The problem is this: amodra@pike:~/build/glibc$ readelf -s ./libc.so.6 | grep pthread_condattr_destroy 1344: 000000000012e420 108 FUNC GLOBAL DEFAULT [<localentry>: 8] 10 pthread_condattr_destroy@@GLIBC_2.17 5940: 000000000012e420 108 FUNC GLOBAL DEFAULT [<localentry>: 8] 10 pthread_condattr_destroy amodra@pike:~/build/glibc$ readelf -s ./nptl/libpthread.so.0 | grep pthread_condattr_destroy 299: 0000000000011f70 20 FUNC GLOBAL DEFAULT 11 pthread_condattr_destroy@@GLIBC_2.17 181: 0000000000000000 0 FILE LOCAL DEFAULT ABS pthread_condattr_destroy. 694: 0000000000011f70 20 FUNC GLOBAL DEFAULT 11 pthread_condattr_destroy libpthread.so.0 has a stub implementation of pthread_condattr_destroy which consists of just ld r3,0 blr while libc.so.6 has the full implementation. Users link against libpthread.so which means ld sees the stub symbol first before finding the real implementation in libc.so. By the usual rules of duplicate symbol resolution involving shared libraries, ld must take the first symbol as the definition. The stub symbol of course doesn't need a toc pointer so the optimised localentry:0 call is used. At runtime, ld.so apparently resolves pthread_condattr_destroy to the libc version, which isn't localentry:0. I'm not familiar with the reasons for glibc having two conflicting implementations for pthread functions, but I believe the correct fix is to make the libpthread.so stub symbols weak.

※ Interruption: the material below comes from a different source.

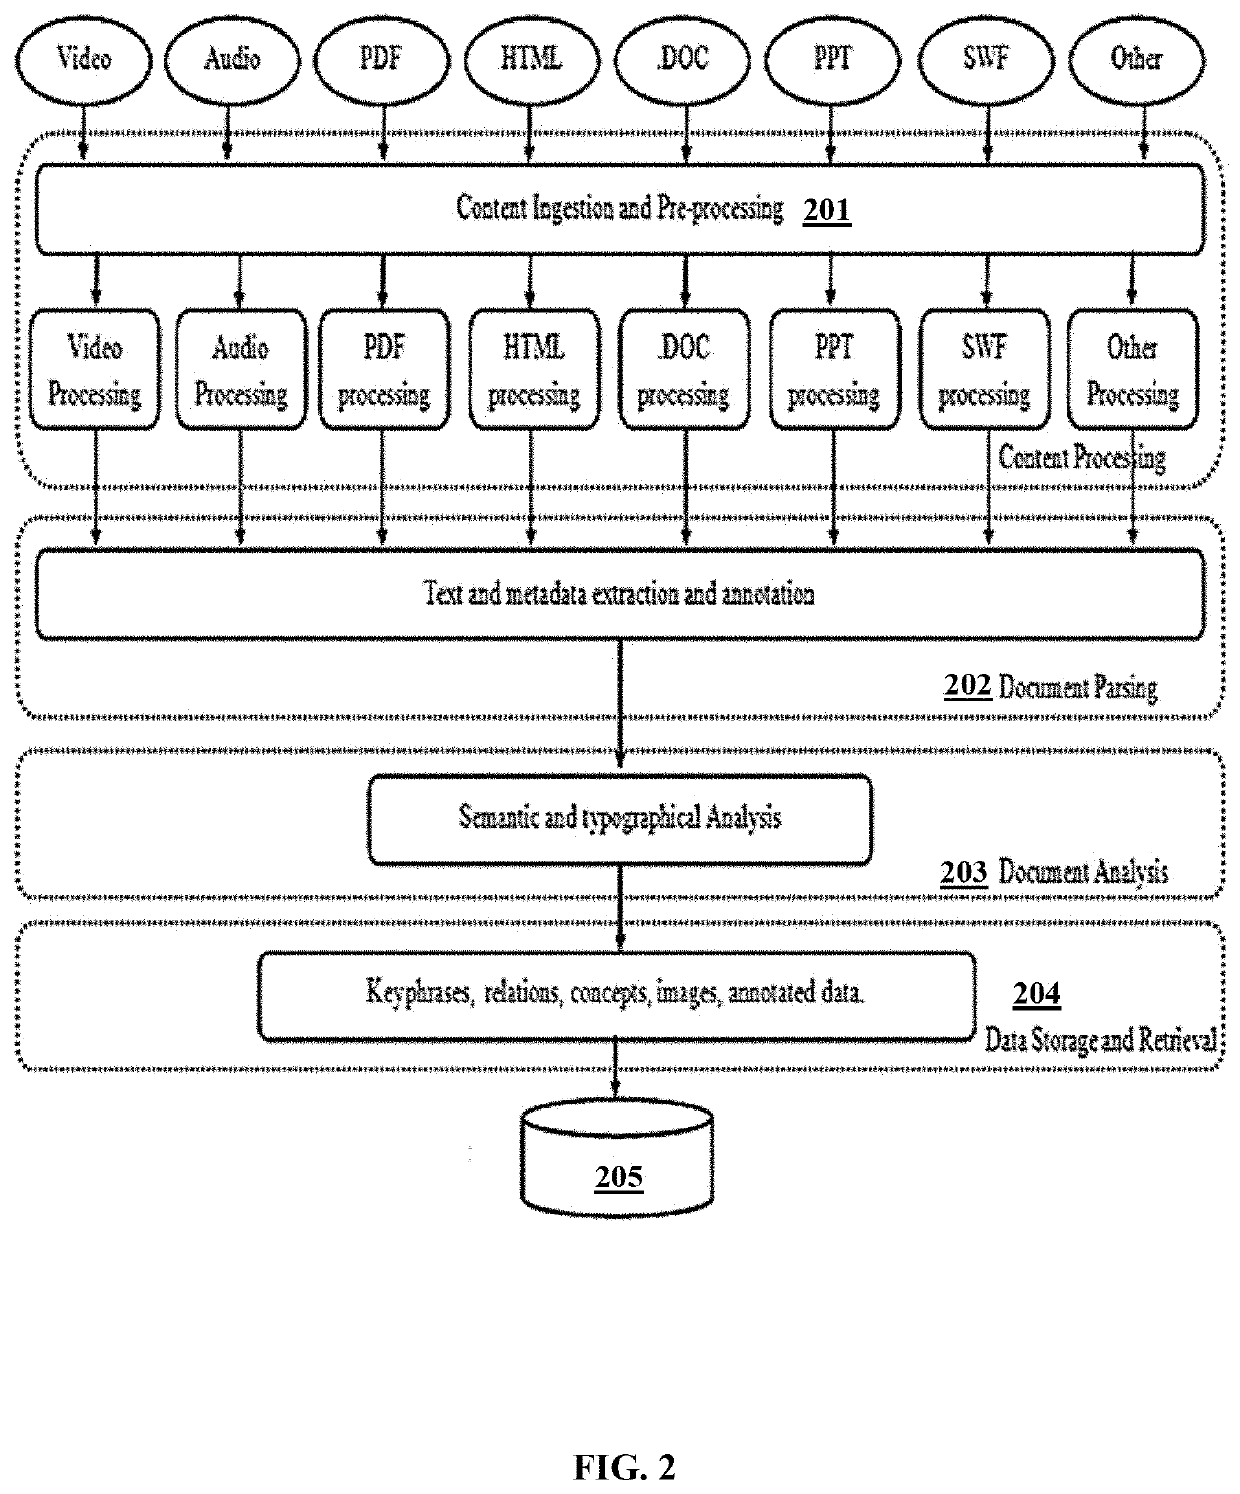 System and method for providing an interactive visual learning environment for creation, presentation, sharing, organizing and analysis of knowledge on subject matter
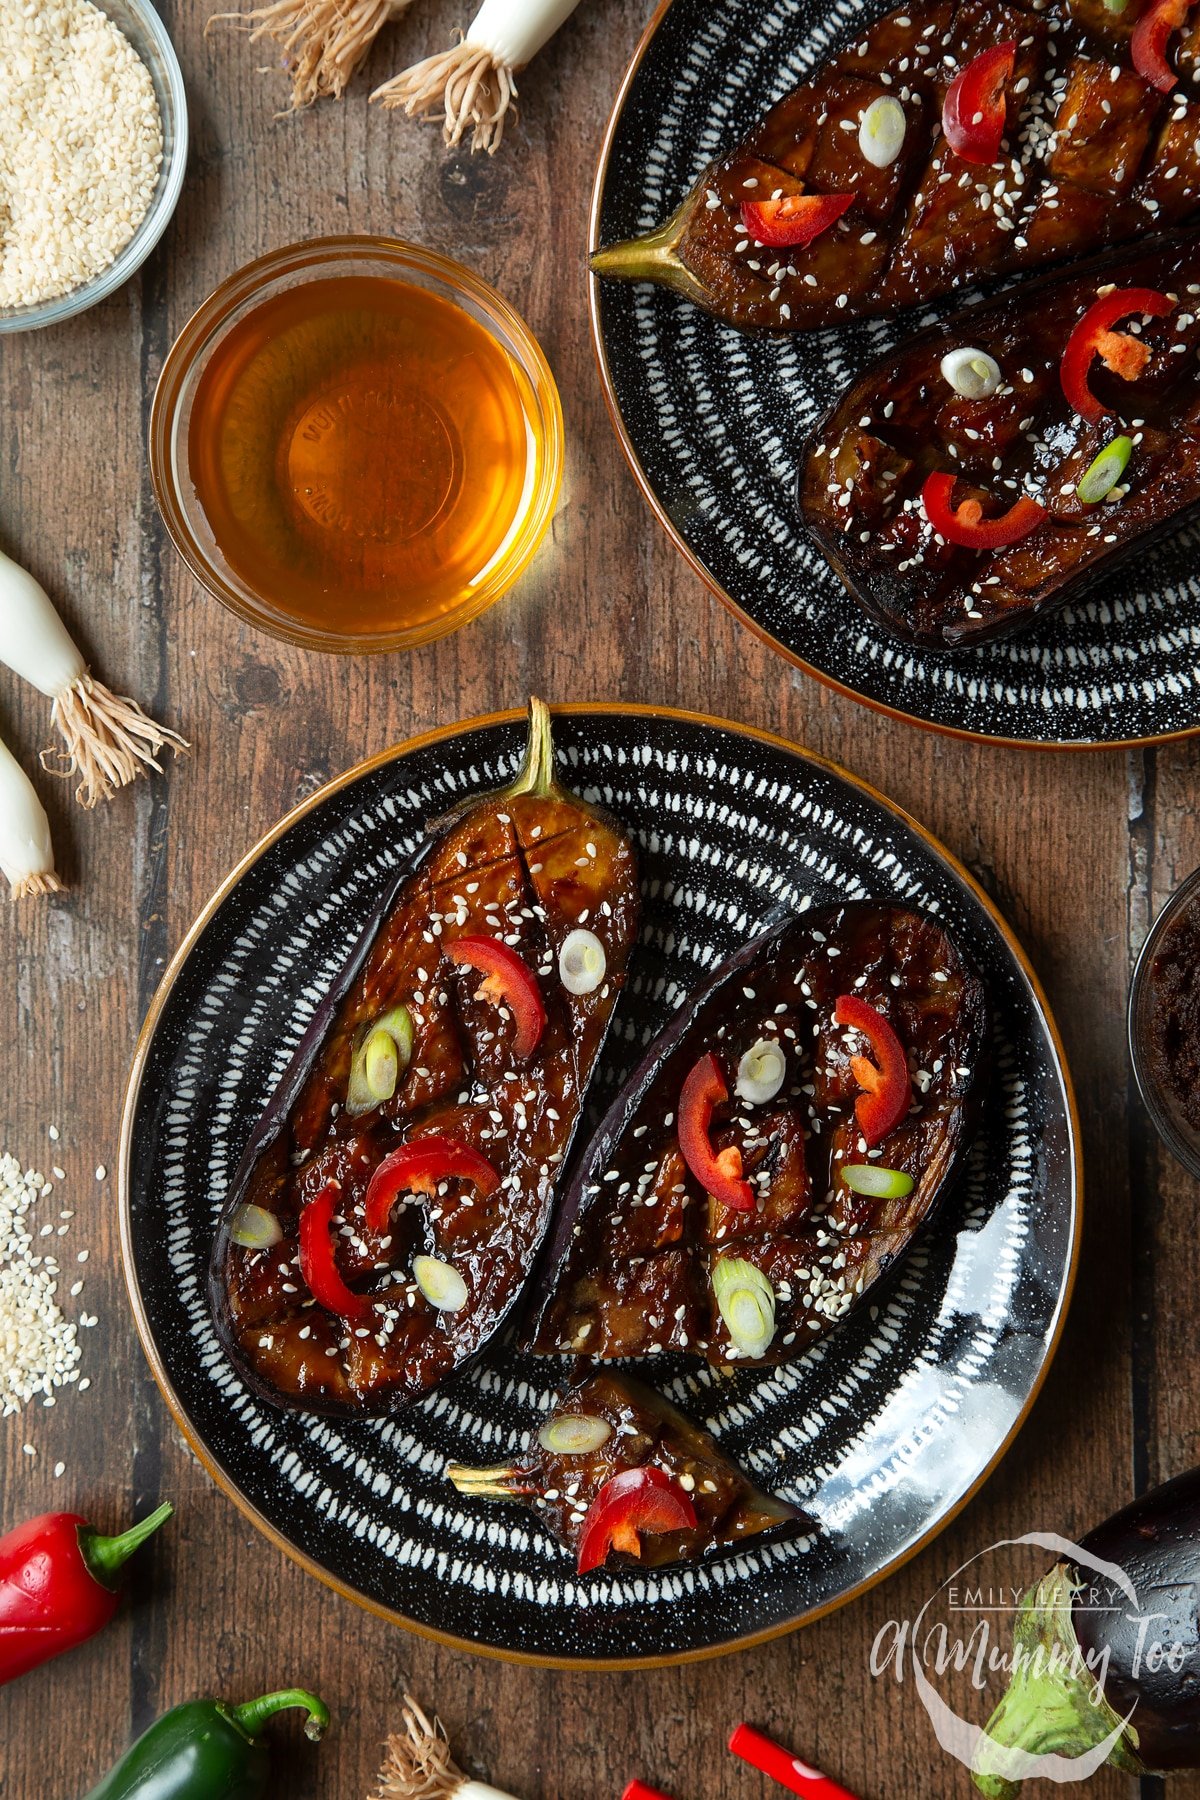 Two slices of miso aubergine on a plate, topped with chilli, springs onions and sesame seeds. A piece has been sliced off.

(In reply to Alan Modra from comment #4) > The problem is this: > > amodra@pike:~/build/glibc$ readelf -s ./libc.so.6 | grep > pthread_condattr_destroy > 1344: 000000000012e420 108 FUNC GLOBAL DEFAULT [<localentry>: 8] > 10 pthread_condattr_destroy@@GLIBC_2.17 > 5940: 000000000012e420 108 FUNC GLOBAL DEFAULT [<localentry>: 8] > 10 pthread_condattr_destroy > amodra@pike:~/build/glibc$ readelf -s ./nptl/libpthread.so.0 | grep > pthread_condattr_destroy > 299: 0000000000011f70 20 FUNC GLOBAL DEFAULT 11 > pthread_condattr_destroy@@GLIBC_2.17 > 181: 0000000000000000 0 FILE LOCAL DEFAULT ABS > pthread_condattr_destroy. > 694: 0000000000011f70 20 FUNC GLOBAL DEFAULT 11 > pthread_condattr_destroy > > libpthread.so.0 has a stub implementation of pthread_condattr_destroy which > consists of just > ld r3,0 > blr But this is the full implementation. The stub implementation is in libc.so.6. I agree that it is bizarre that the stub implementation does more work than the real implementation, but that's just an artifact of pthread_condattr_destroy. The problem also happens with pthread_mutex_destroy, where there is actually some code in libpthread. > while libc.so.6 has the full implementation. Users link against > libpthread.so which means ld sees the stub symbol first before finding the > real implementation in libc.so. By the usual rules of duplicate symbol > resolution involving shared libraries, ld must take the first symbol as the > definition. The stub symbol of course doesn't need a toc pointer so the > optimised localentry:0 call is used. At runtime, ld.so apparently resolves > pthread_condattr_destroy to the libc version, which isn't localentry:0. How does this optimization work? Does the link editor detect that the implementation in libpthread does not require the TOC pointer and then activates the optimization? What happens if we change the implementation later, so that it needs a TOC pointer? I still think this optimization has a general issue with symbol interposition. > I'm not familiar with the reasons for glibc having two conflicting > implementations for pthread functions, but I believe the correct fix is to > make the libpthread.so stub symbols weak. That seems wrong because the libpthread implementation is the real (full) implementation.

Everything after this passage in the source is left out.